Information shown section start
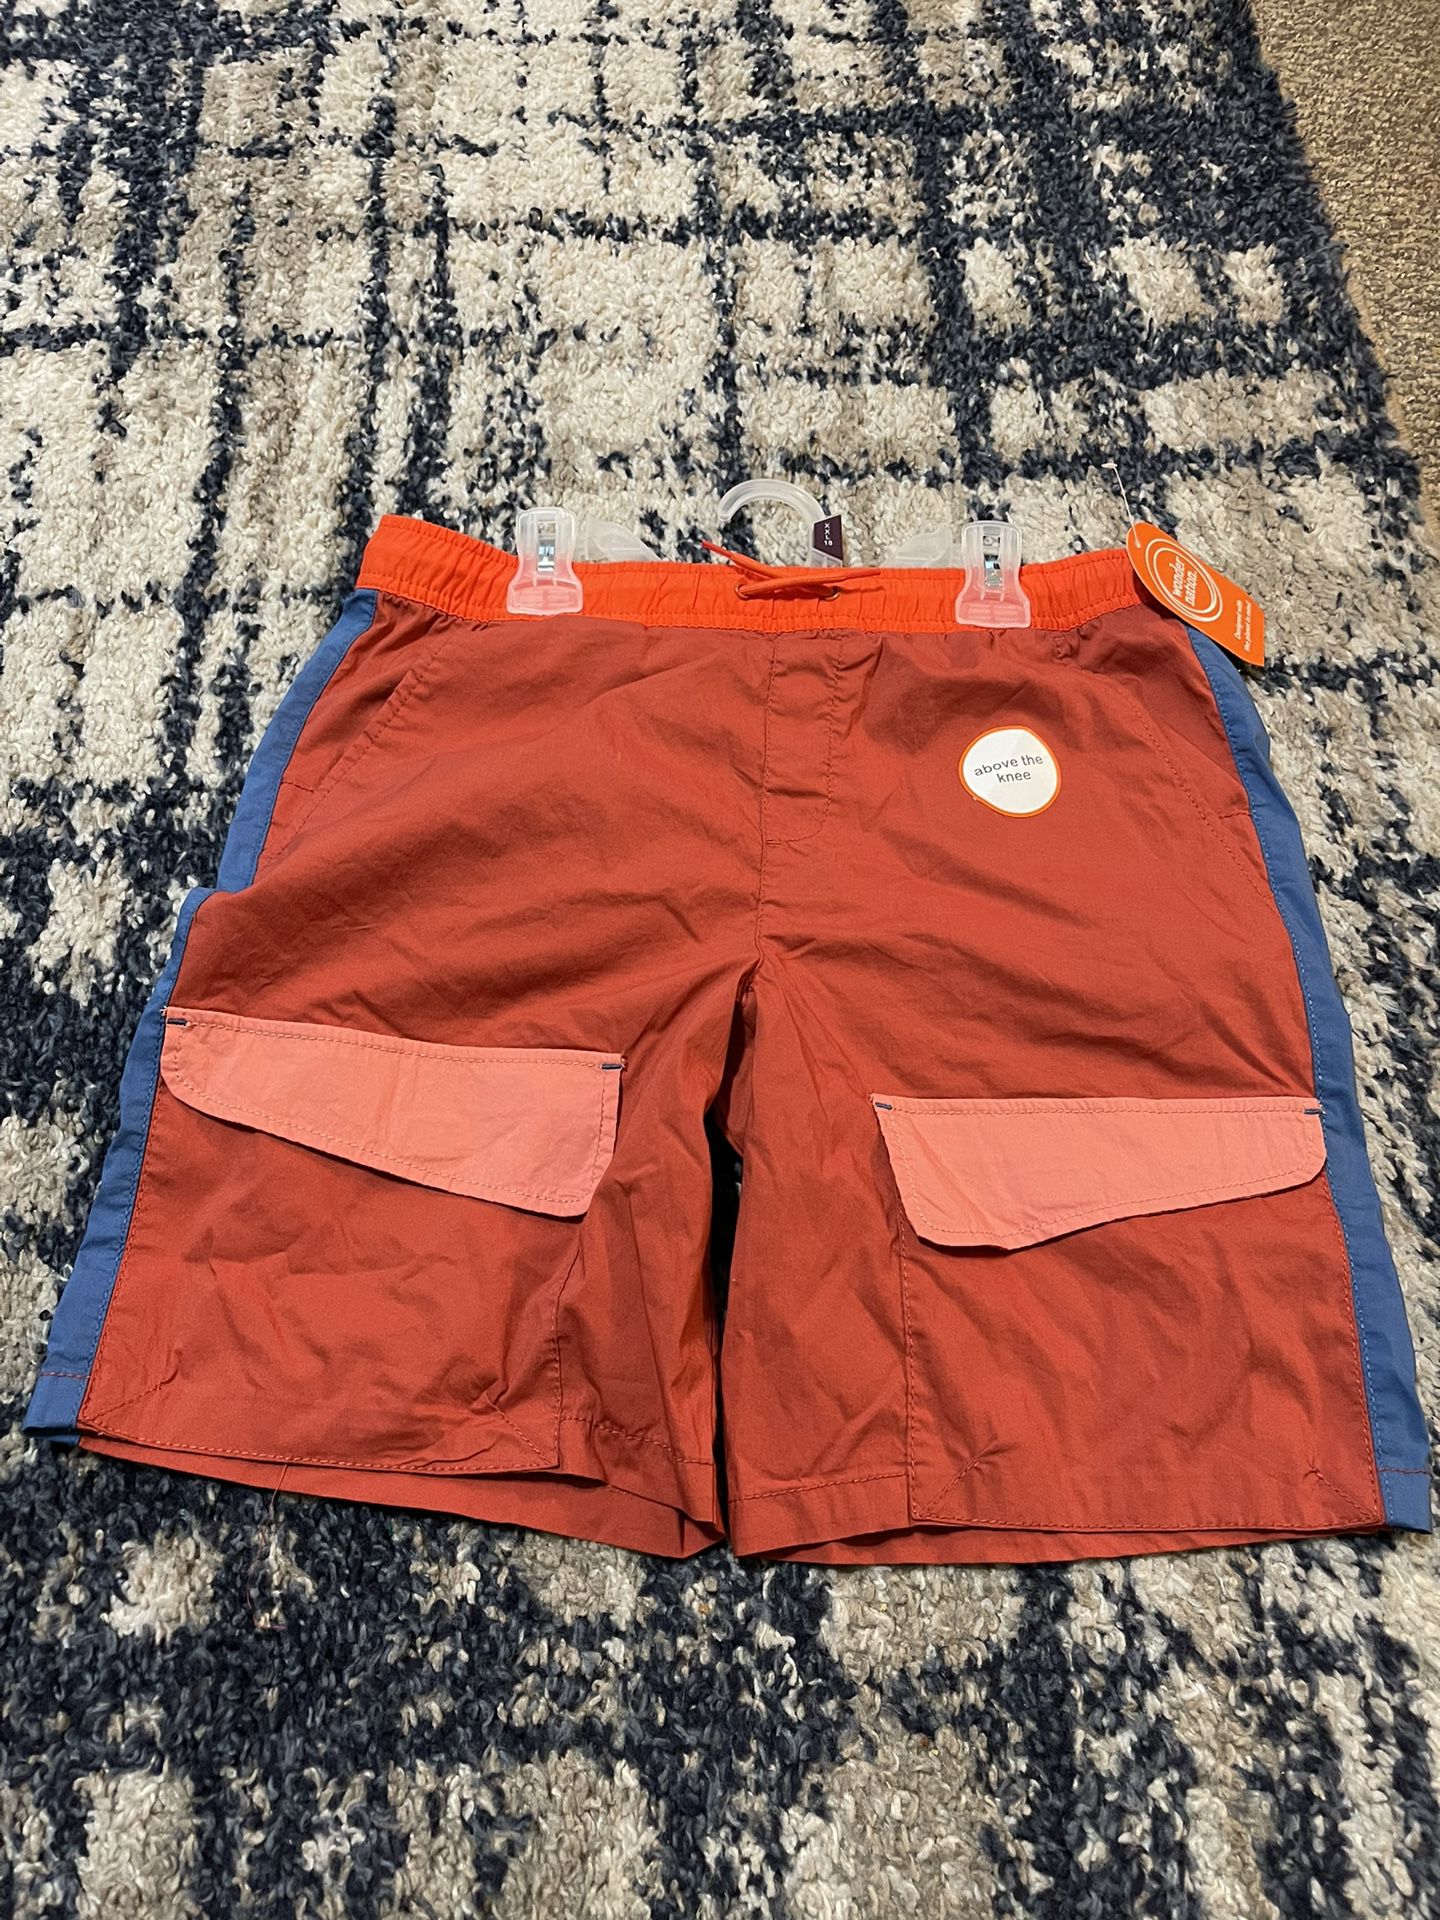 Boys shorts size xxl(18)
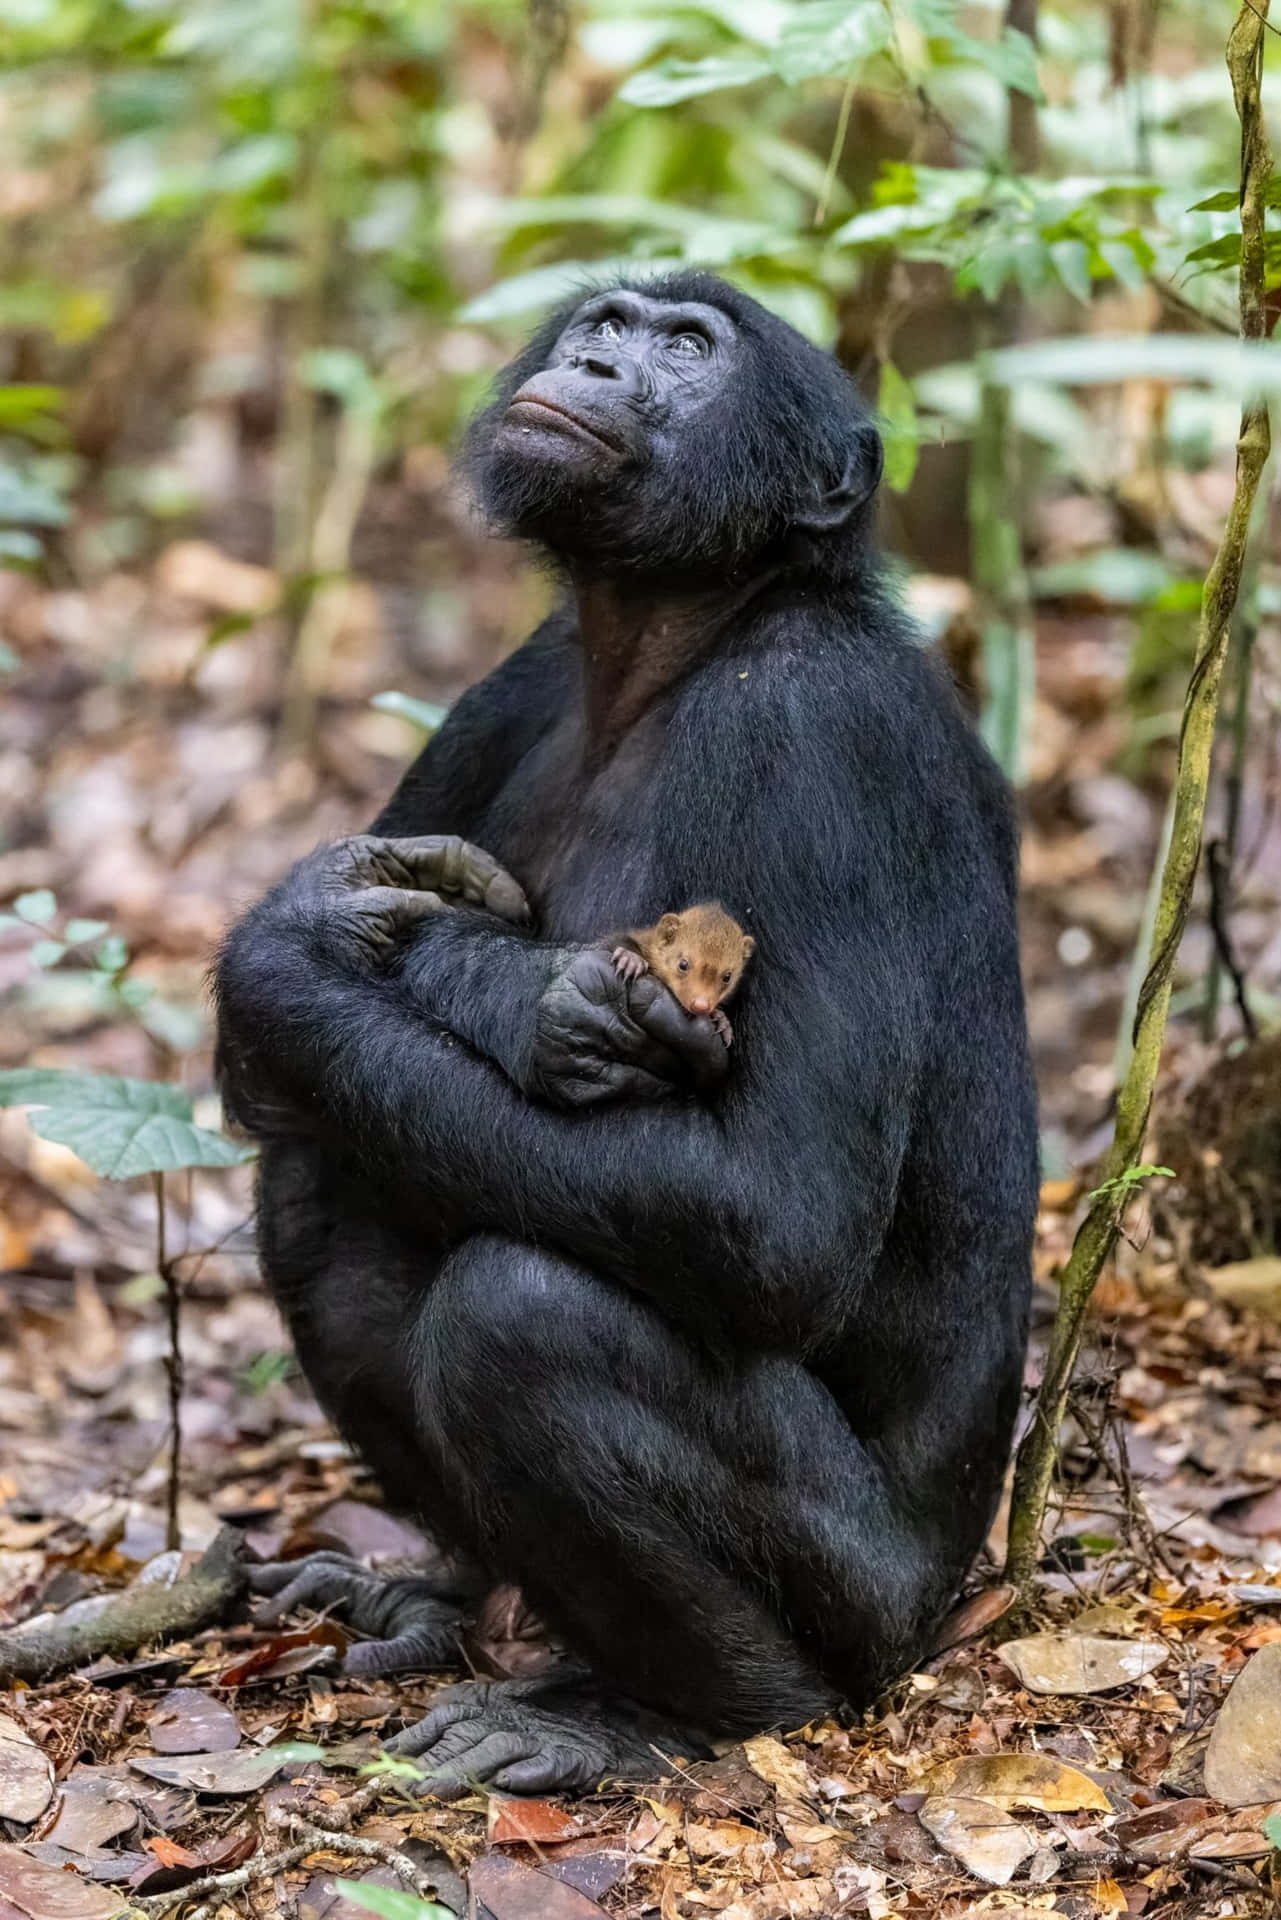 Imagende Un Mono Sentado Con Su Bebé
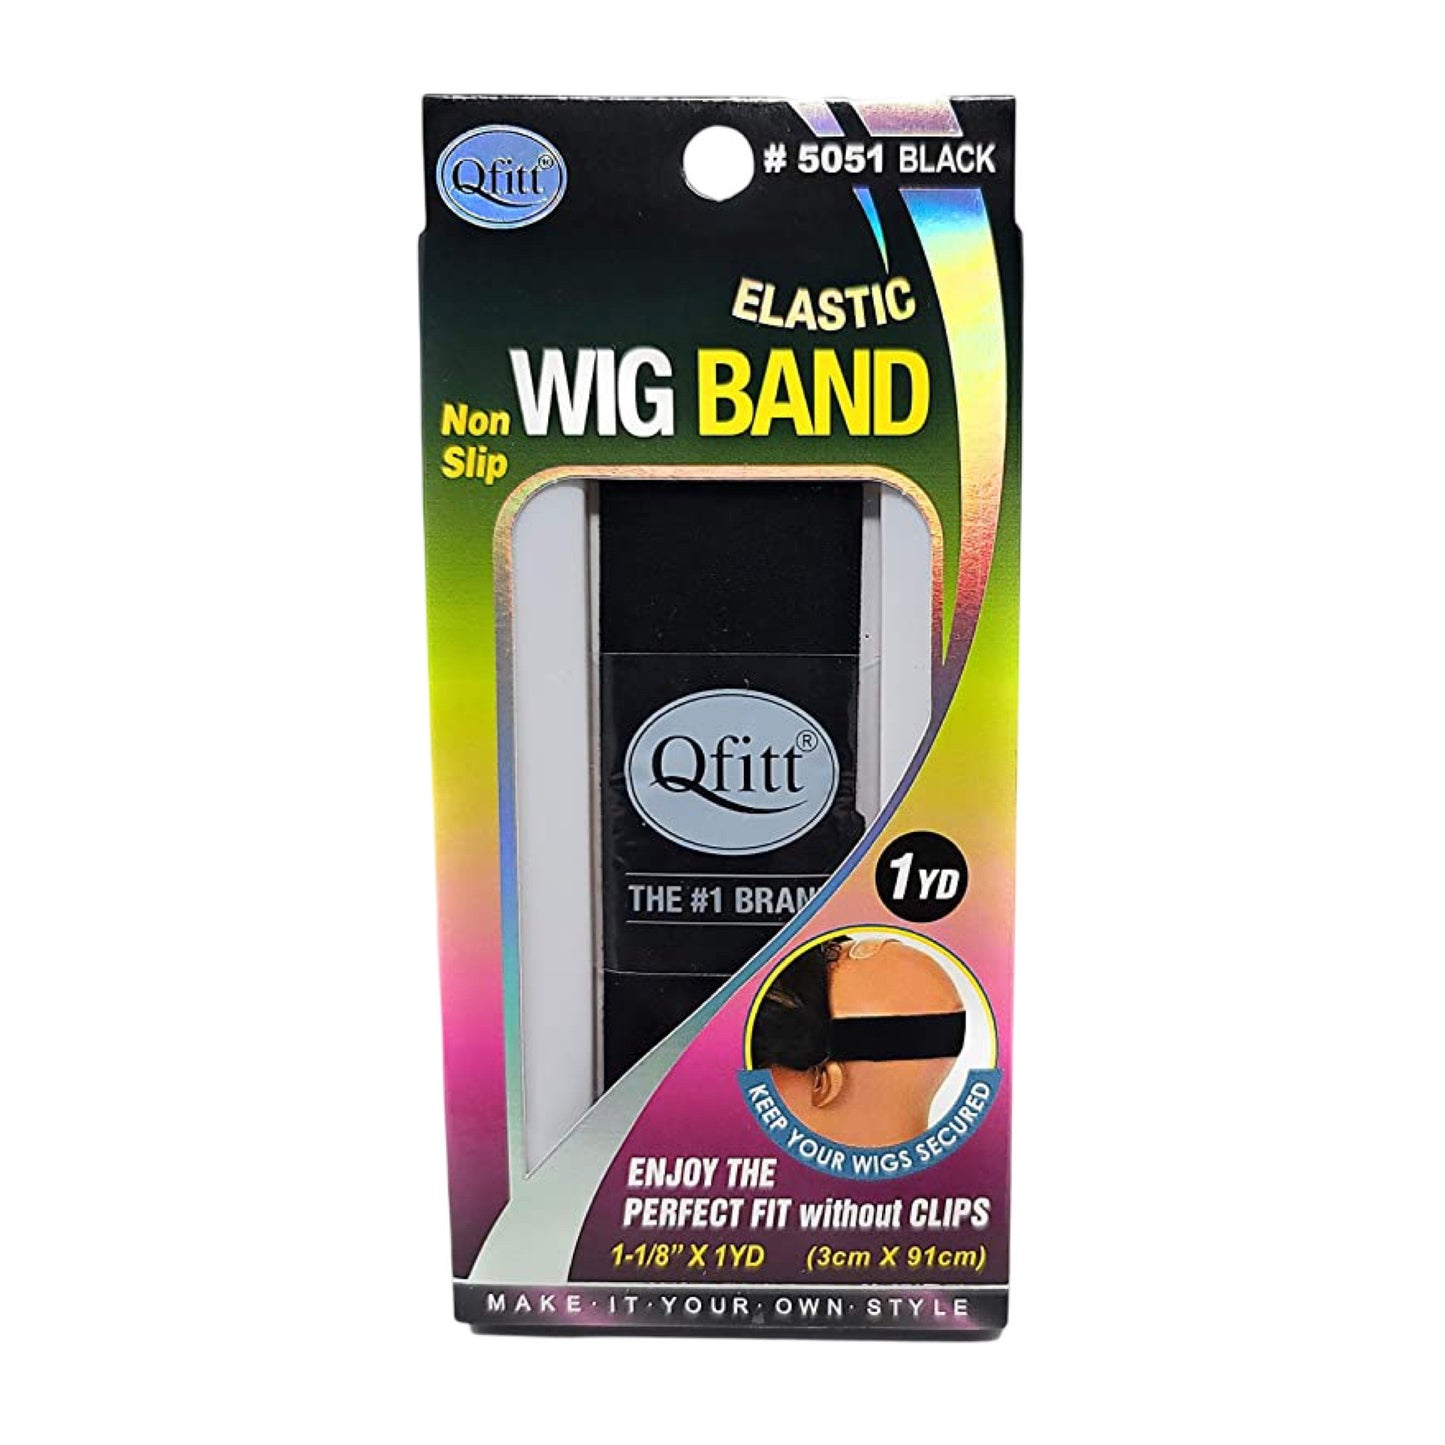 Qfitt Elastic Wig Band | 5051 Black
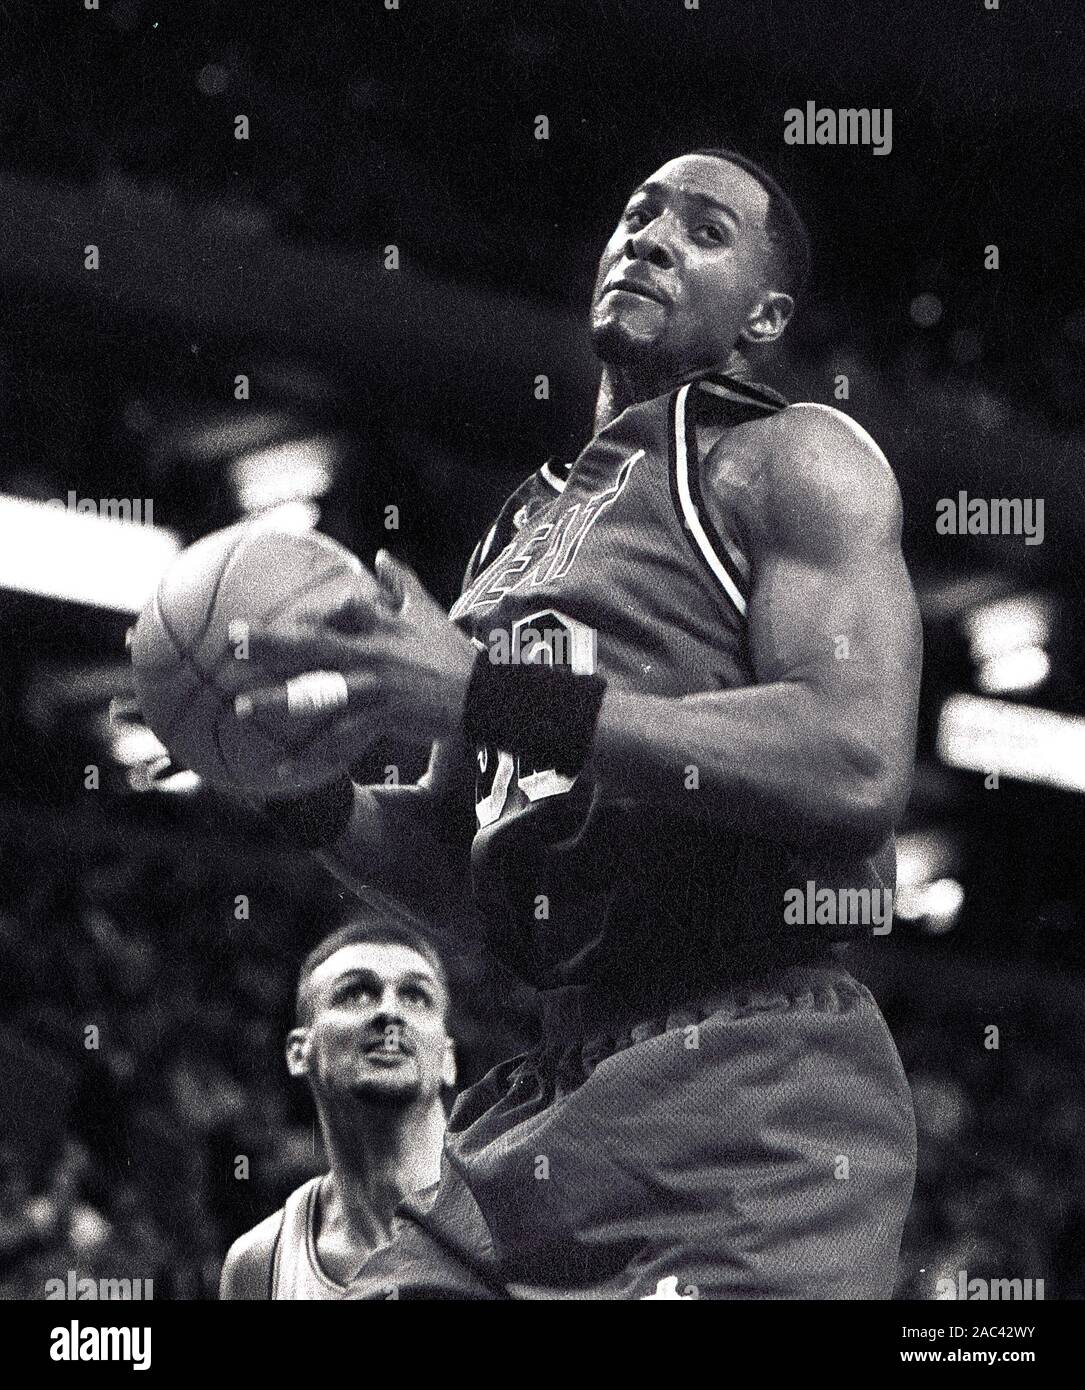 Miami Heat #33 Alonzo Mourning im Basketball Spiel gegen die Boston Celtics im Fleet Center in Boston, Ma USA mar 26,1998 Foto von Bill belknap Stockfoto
Information shown section end
▶ [What you should do]
With pictures omitted, reproduce exactly the lines from the line containing "Imagende Un Mono Sentado Con Su Bebé" through the end of the data above.

▶ [Your solution]
 Imagende Un Mono Sentado Con Su Bebé
 Qfitt Elastic Wig Band | 5051 Black
 Miami Heat #33 Alonzo Mourning im Basketball Spiel gegen die Boston Celtics im Fleet Center in Boston, Ma USA mar 26,1998 Foto von Bill belknap Stockfoto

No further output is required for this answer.